WORK TASK: Using the data beneath this instruction, retype only the lines from the one that contains "A TIKA volunteer" down to the one that contains "e10d42138619 Fabuxry Womens", both included, exactly as they appear.

[Records drawn from a dataset]
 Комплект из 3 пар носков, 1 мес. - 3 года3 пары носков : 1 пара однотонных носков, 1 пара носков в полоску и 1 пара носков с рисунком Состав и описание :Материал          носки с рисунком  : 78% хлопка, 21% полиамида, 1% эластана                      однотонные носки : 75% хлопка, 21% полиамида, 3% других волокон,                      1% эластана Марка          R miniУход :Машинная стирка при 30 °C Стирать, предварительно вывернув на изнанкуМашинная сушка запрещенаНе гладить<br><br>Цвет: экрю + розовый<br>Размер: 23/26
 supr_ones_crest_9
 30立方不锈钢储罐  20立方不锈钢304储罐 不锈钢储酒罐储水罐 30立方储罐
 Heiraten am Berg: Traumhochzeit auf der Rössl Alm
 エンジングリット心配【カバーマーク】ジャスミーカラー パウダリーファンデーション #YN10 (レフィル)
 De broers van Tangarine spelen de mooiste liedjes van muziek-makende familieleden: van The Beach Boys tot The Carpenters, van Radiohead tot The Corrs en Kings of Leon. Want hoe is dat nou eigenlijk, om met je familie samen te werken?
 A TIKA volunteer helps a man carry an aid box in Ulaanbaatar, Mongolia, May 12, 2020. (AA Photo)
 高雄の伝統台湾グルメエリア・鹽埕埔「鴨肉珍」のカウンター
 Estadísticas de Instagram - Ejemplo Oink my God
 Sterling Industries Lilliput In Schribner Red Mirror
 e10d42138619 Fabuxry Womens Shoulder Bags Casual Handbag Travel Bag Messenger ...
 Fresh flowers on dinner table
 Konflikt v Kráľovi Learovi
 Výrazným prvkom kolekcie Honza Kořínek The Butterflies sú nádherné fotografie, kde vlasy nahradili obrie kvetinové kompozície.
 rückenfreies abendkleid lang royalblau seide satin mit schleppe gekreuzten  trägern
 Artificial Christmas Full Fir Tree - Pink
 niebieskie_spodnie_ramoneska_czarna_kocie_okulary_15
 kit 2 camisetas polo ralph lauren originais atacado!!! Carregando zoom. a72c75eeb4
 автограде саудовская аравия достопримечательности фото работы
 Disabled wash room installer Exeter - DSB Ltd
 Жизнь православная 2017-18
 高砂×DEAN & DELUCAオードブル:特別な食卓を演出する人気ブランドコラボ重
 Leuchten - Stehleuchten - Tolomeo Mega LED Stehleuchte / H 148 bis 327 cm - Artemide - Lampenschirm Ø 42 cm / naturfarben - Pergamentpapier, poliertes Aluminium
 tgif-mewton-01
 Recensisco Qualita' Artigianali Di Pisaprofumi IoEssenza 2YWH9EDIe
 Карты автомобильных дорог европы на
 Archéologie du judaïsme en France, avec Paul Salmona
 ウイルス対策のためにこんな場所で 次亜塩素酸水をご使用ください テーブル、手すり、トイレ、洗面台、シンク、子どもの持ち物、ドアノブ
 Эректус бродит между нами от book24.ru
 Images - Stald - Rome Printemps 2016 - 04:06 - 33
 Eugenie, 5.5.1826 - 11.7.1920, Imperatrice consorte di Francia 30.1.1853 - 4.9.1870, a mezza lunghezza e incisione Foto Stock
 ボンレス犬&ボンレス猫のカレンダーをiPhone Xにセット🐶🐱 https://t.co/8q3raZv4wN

ANSWER AREA:
 A TIKA volunteer helps a man carry an aid box in Ulaanbaatar, Mongolia, May 12, 2020. (AA Photo)
 高雄の伝統台湾グルメエリア・鹽埕埔「鴨肉珍」のカウンター
 Estadísticas de Instagram - Ejemplo Oink my God
 Sterling Industries Lilliput In Schribner Red Mirror
 e10d42138619 Fabuxry Womens Shoulder Bags Casual Handbag Travel Bag Messenger ...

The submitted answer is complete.